Shares of ImmunoGen Inc. led biotech’s losers on Wednesday, falling 38% in intraday trade after the company disclosed that the U.S. Food and Drug Administration had recommended it run a second Phase 3 trial of an ovarian cancer drug.
A first Phase 3 trial of the biotech’s IMGN, -33.49% investigational drug, called mirvetuximab soravtansine, failed to show that patients on the therapy had better progression-free survival or overall survival than those on chemotherapy. Despite the disappointment, the company had hoped the FDA would consider approving mirvetuximab for a subgroup of patients with ovarian cancer who showed improvement while on the therapy.

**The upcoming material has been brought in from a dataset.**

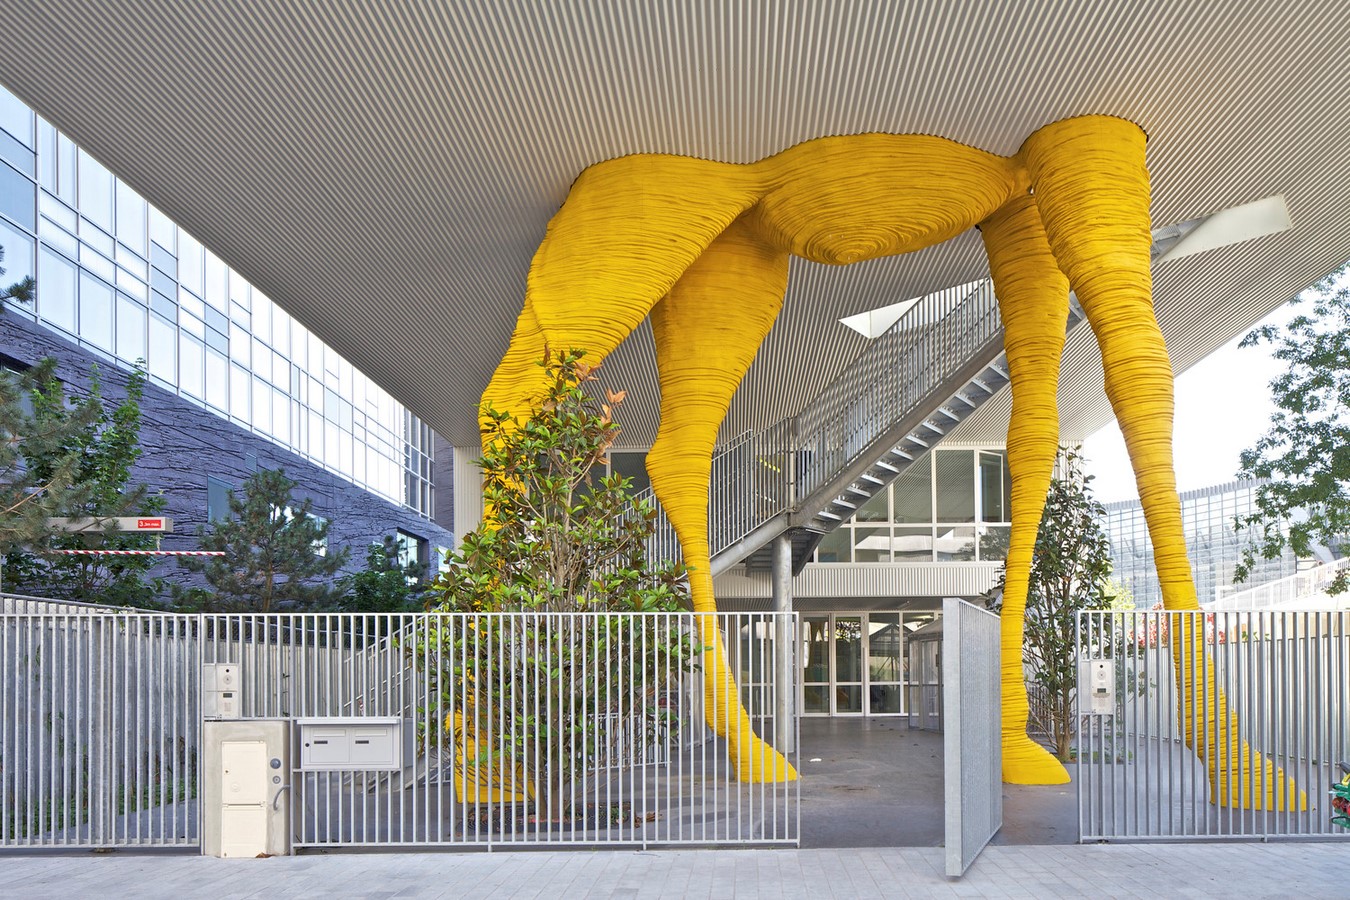 Giraffe Childcare Center by Hondelatte Laporte Architectes: Storytelling through Architecture - Sheet4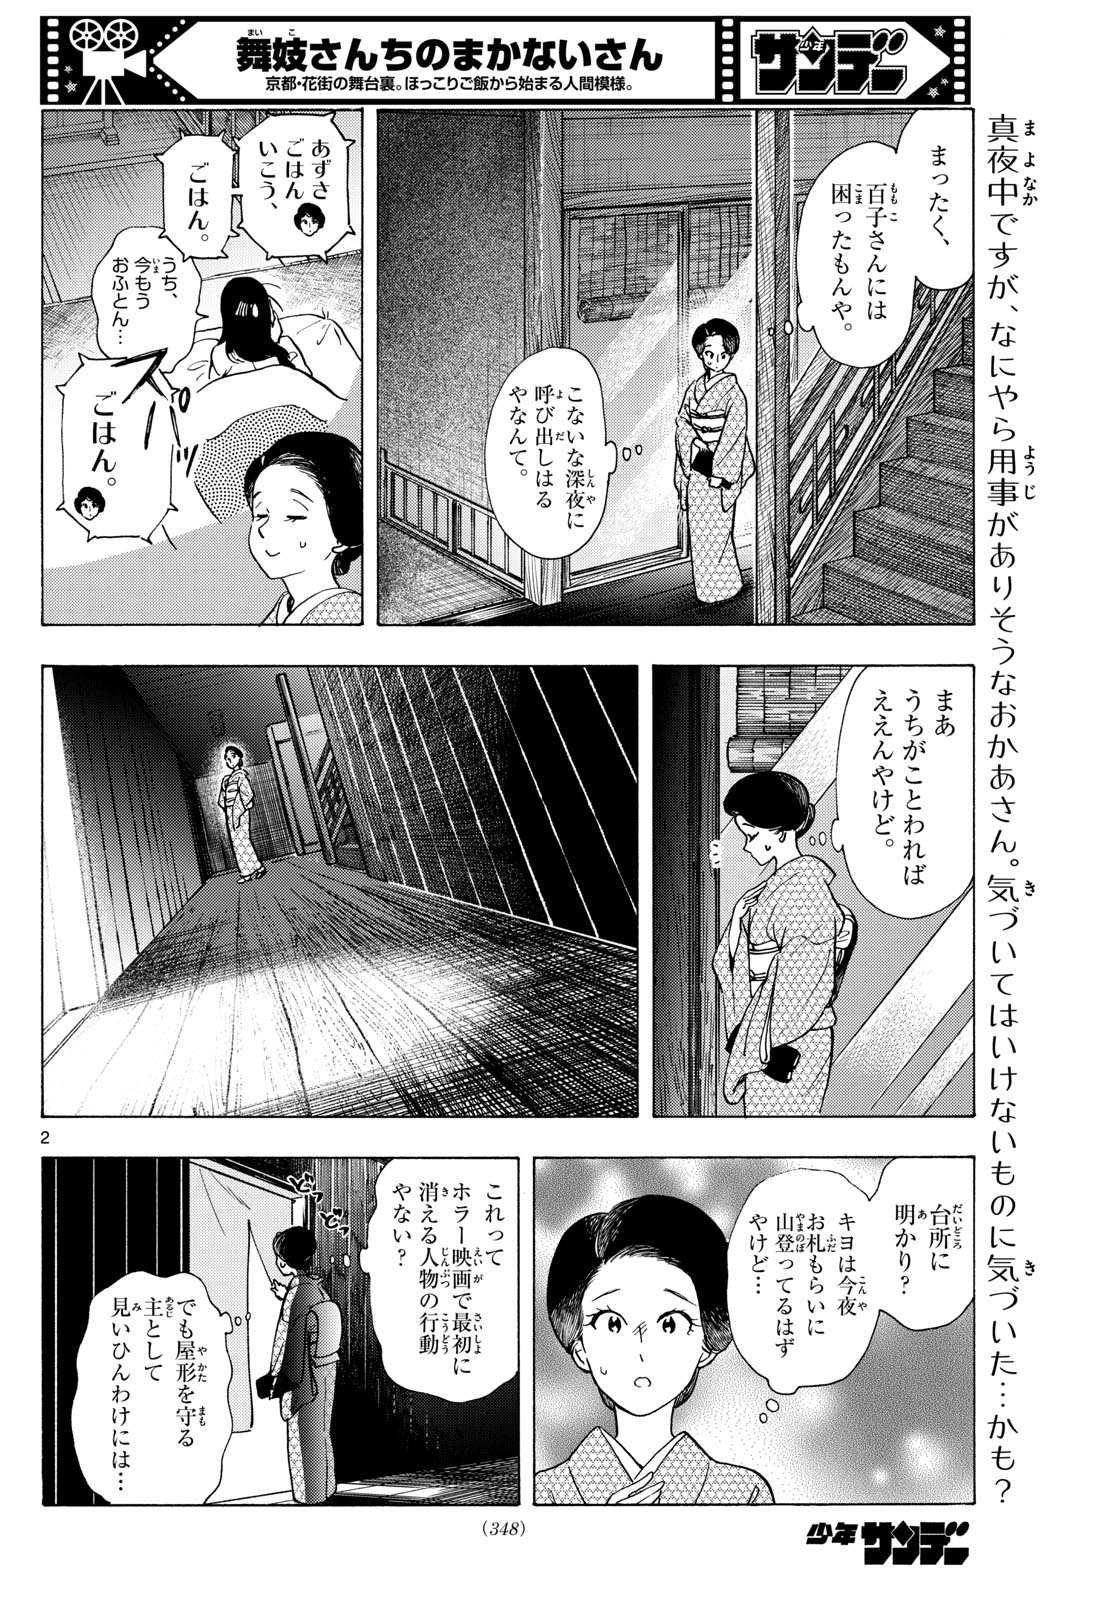 Maiko-san Chi no Makanai-san - Chapter 298 - Page 2

However, the subgroup data wasn’t enough for the FDA, which recommended during a recent meeting that ImmunoGen conduct another Phase 3 trial entirely — a costly and time-consuming endeavor that could push the approval process back years.
Although the news hit ImmunoGen’s stock hard, analysts didn’t seem too surprised. “We viewed it as unlikely that the FDA would consider a subgroup analysis,“ Jonathan Chang of SVB Leerink wrote in a note to clients on Wednesday.
There has been some concern among investors about the biotech’s cash position in the face of a new trial. ImmunoGen had previously disclosed that it was conducting an operational review of its business to extend its cash runway, and the company said it had around $270 million in cash and cash equivalents at the end of the first quarter.
During an earnings call with analysts on Wednesday, H.C. Wainwright’s Debjit Chattopadhyay asked ImmunoGen’s management to provide details on how much the first Phase 3 trial had cost so investors could get an idea of how far the company’s cash could go. Management would not provide specifics, but said it was confident it had enough cash on hand.